MLlib is Spark’s machine learning (ML) library. Its goal is to make practical machine learning scalable and easy. At a high level, it provides tools such as:

1. ML Algorithms: common learning algorithms such as classification, regression, clustering, and collaborative filtering

2. Featurization: feature extraction, transformation, dimensionality reduction, and selection

3. Pipelines: tools for constructing, evaluating, and tuning ML Pipelines

4. Persistence: saving and load algorithms, models, and Pipelines

5. Utilities: linear algebra, statistics, data handling, etc.


As of Spark 2.0, the RDD-based APIs in the spark.mllib package have entered maintenance mode. The primary Machine Learning API for Spark is now the DataFrame-based API in the spark.ml package.


#### What are the implications?

1. MLlib will still support the RDD-based API in spark.mllib with bug fixes.
2. MLlib will not add new features to the RDD-based API.
3. In the Spark 2.x releases, MLlib will add features to the DataFrames-based API to reach feature parity with the RDD-based API.

#### Why is MLlib switching to the DataFrame-based API?

1. DataFrames provide a more user-friendly API than RDDs. The many benefits of DataFrames include Spark Datasources, SQL/DataFrame queries, Tungsten and Catalyst optimizations, and uniform APIs across languages.
2. The DataFrame-based API for MLlib provides a uniform API across ML algorithms and across multiple languages.
3. DataFrames facilitate practical ML Pipelines, particularly feature transformations. See the Pipelines guide for details.
   What is “Spark ML”?

“Spark ML” is not an official name but occasionally used to refer to the MLlib DataFrame-based API. This is majorly due to the org.apache.spark.ml Scala package name used by the DataFrame-based API, and the “Spark ML Pipelines” term we used initially to emphasize the pipeline concept.

#### Is MLlib deprecated?

No. MLlib includes both the RDD-based API and the DataFrame-based API. The RDD-based API is now in maintenance mode. But neither API is deprecated, nor MLlib as a whole.

These are some of the main points  that are worth noting as we shift  to using the dataframe api .You can refer to the documentation for further information

#### Why Mllib in machine learning is becoming more used

1. Ease of use -Usable in Java, Scala, Python, and R.
2. Perfomance - High-quality algorithms, 100x faster than MapReduce.
3. Runs everywhere- Spark runs on Hadoop, Apache Mesos, Kubernetes, standalone, or in the cloud, against diverse data sources.

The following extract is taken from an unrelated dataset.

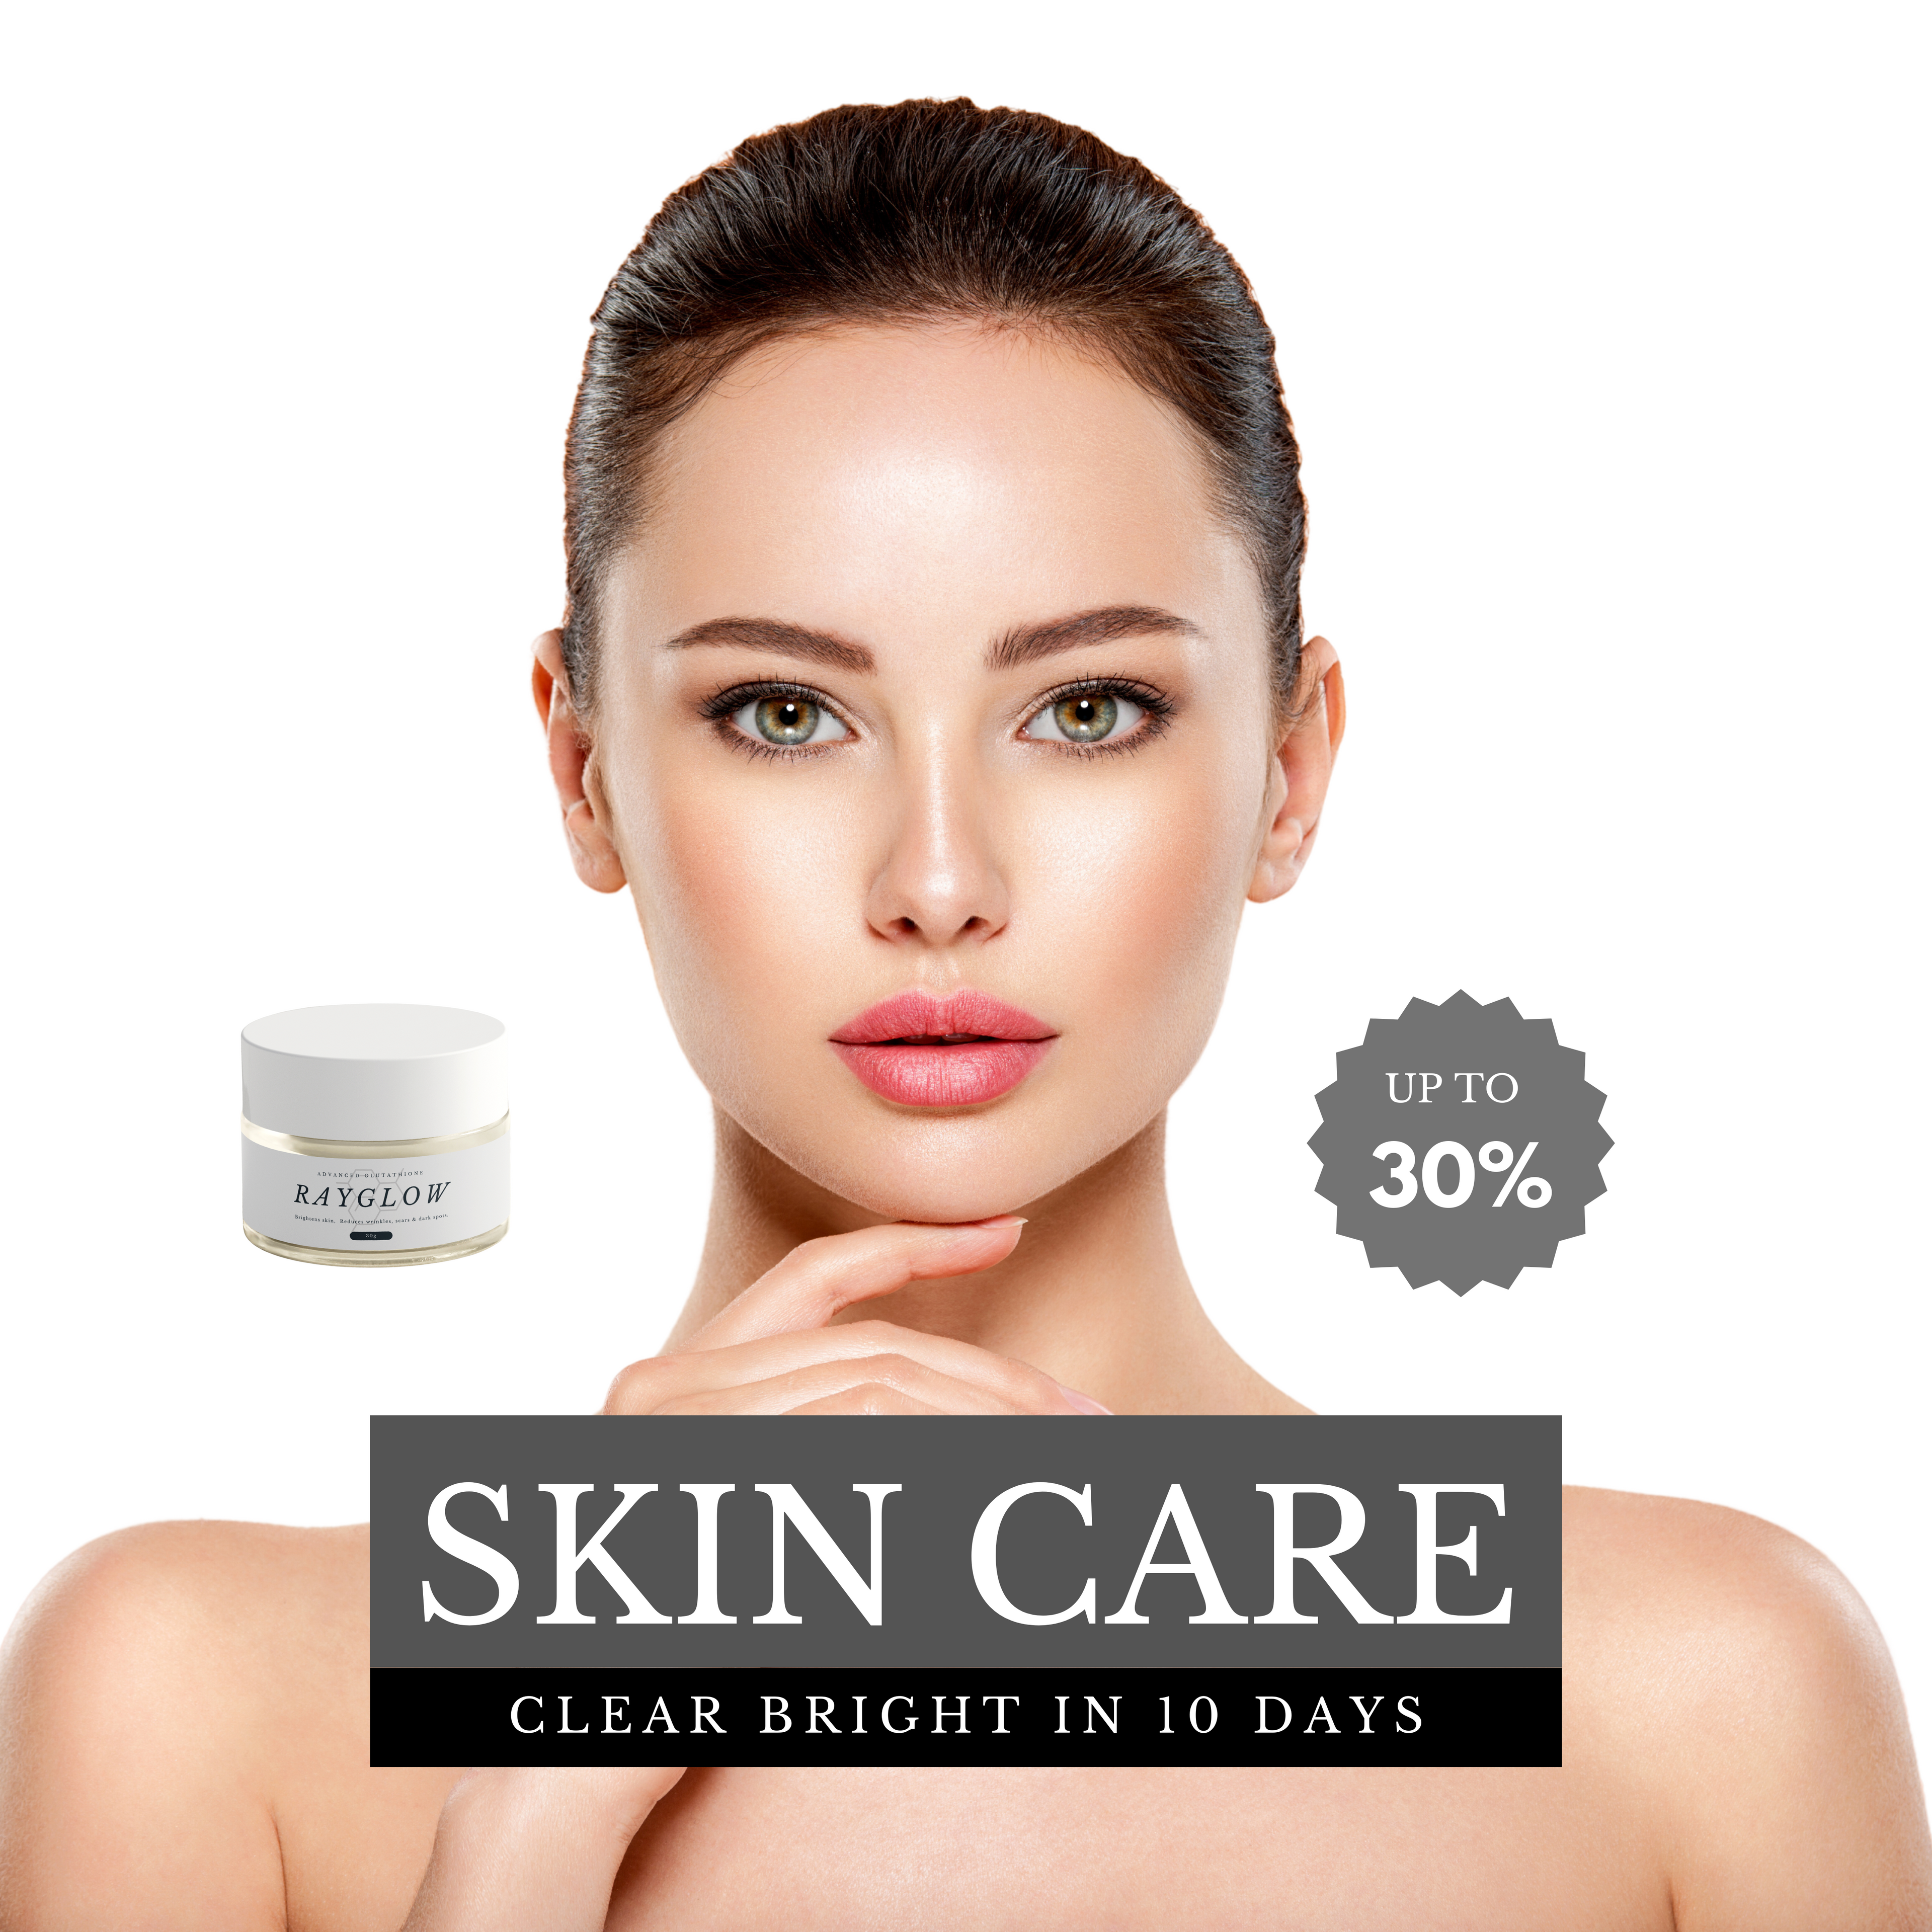 Rayglow-Glutathione Skin Whitening Cream

##### In the code blocks  we will be implementing machine learning from basics and we scale towards bulding more accurate by also tuning the hyperparameters to achieve better accuracy.We will be using simple python scripts and scale towards complex queries making thie machine learning tuitorial begginner friendly as possible.  We will be perfoming a regression task and a classification task in this tuitorial .(Hope we still learning)

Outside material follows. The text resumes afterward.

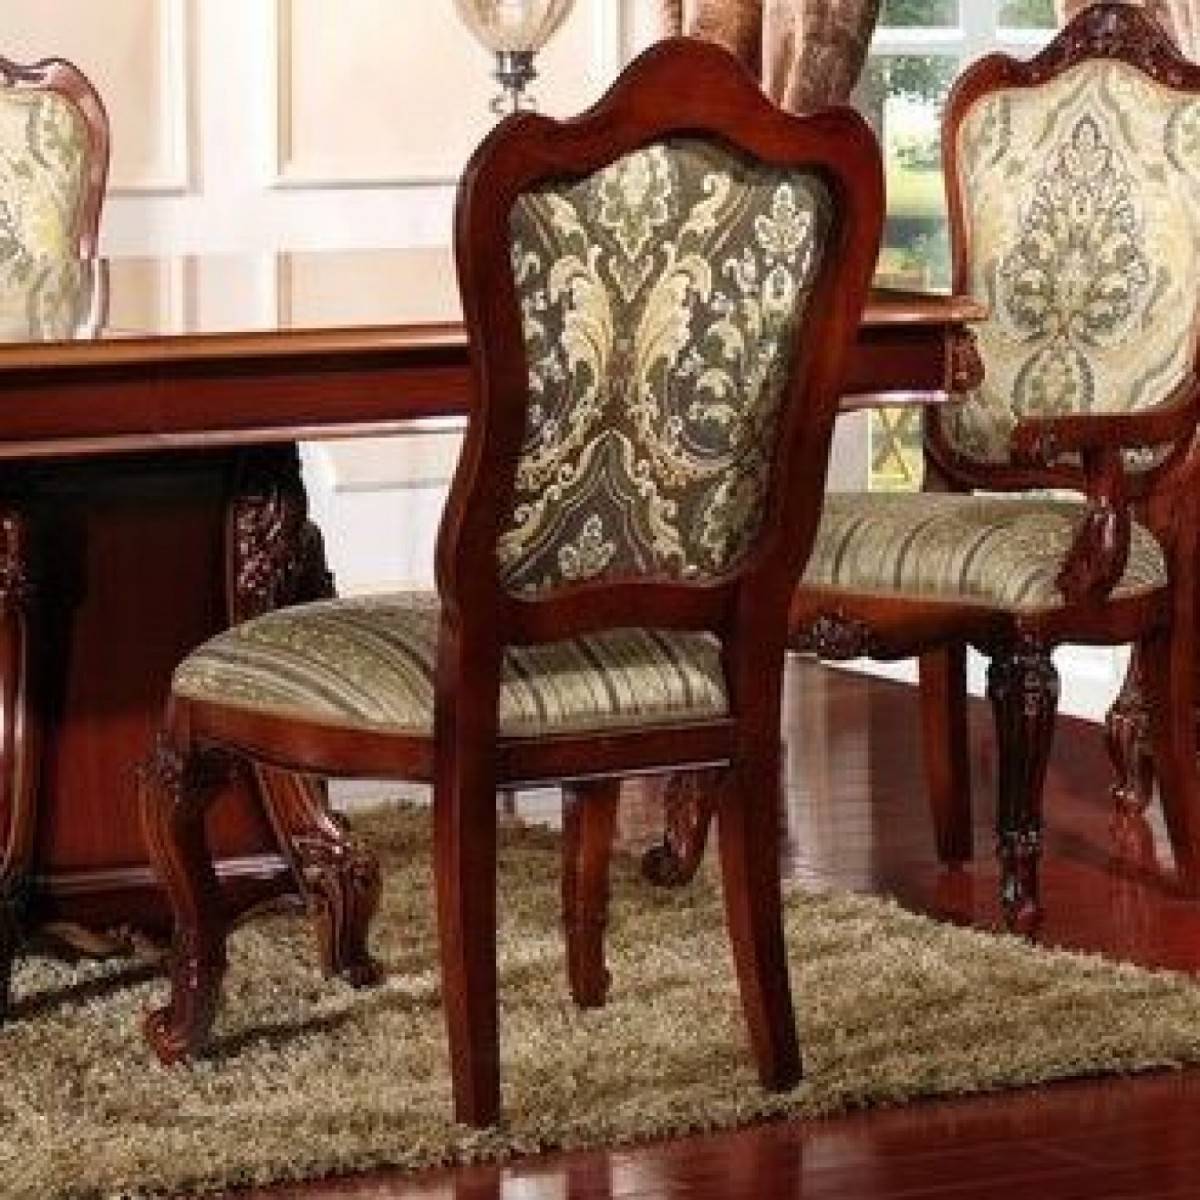 5 советов, какое кресло выбрать в гостиную

### PYSAPRK REGRESSION MODEL ALGORHTHIM 

##### In the following notebook we will be predicting the prices of houses in paris based on 1.SquareMetres 2. Number of rooms 3. Whether it has a yard or not 4.Whether has a pool or not 5. Number of floors 6.city code 7CityPartRange 8. Number of previous owners 9.is new built 10. Whether has a storm Protector or not 11. Whether has a basement or not 12. Whether has a garage 13. Whether has a storage room or not 14. Has a guest room

In [7]:
from pyspark.sql import SparkSession
spark = SparkSession.builder.appName('housing').getOrCreate()
house_df = spark.read.csv('ParisHousing.csv', header = True, inferSchema = True)
house_df.printSchema()

root
 |-- squareMeters: integer (nullable = true)
 |-- numberOfRooms: integer (nullable = true)
 |-- hasYard: integer (nullable = true)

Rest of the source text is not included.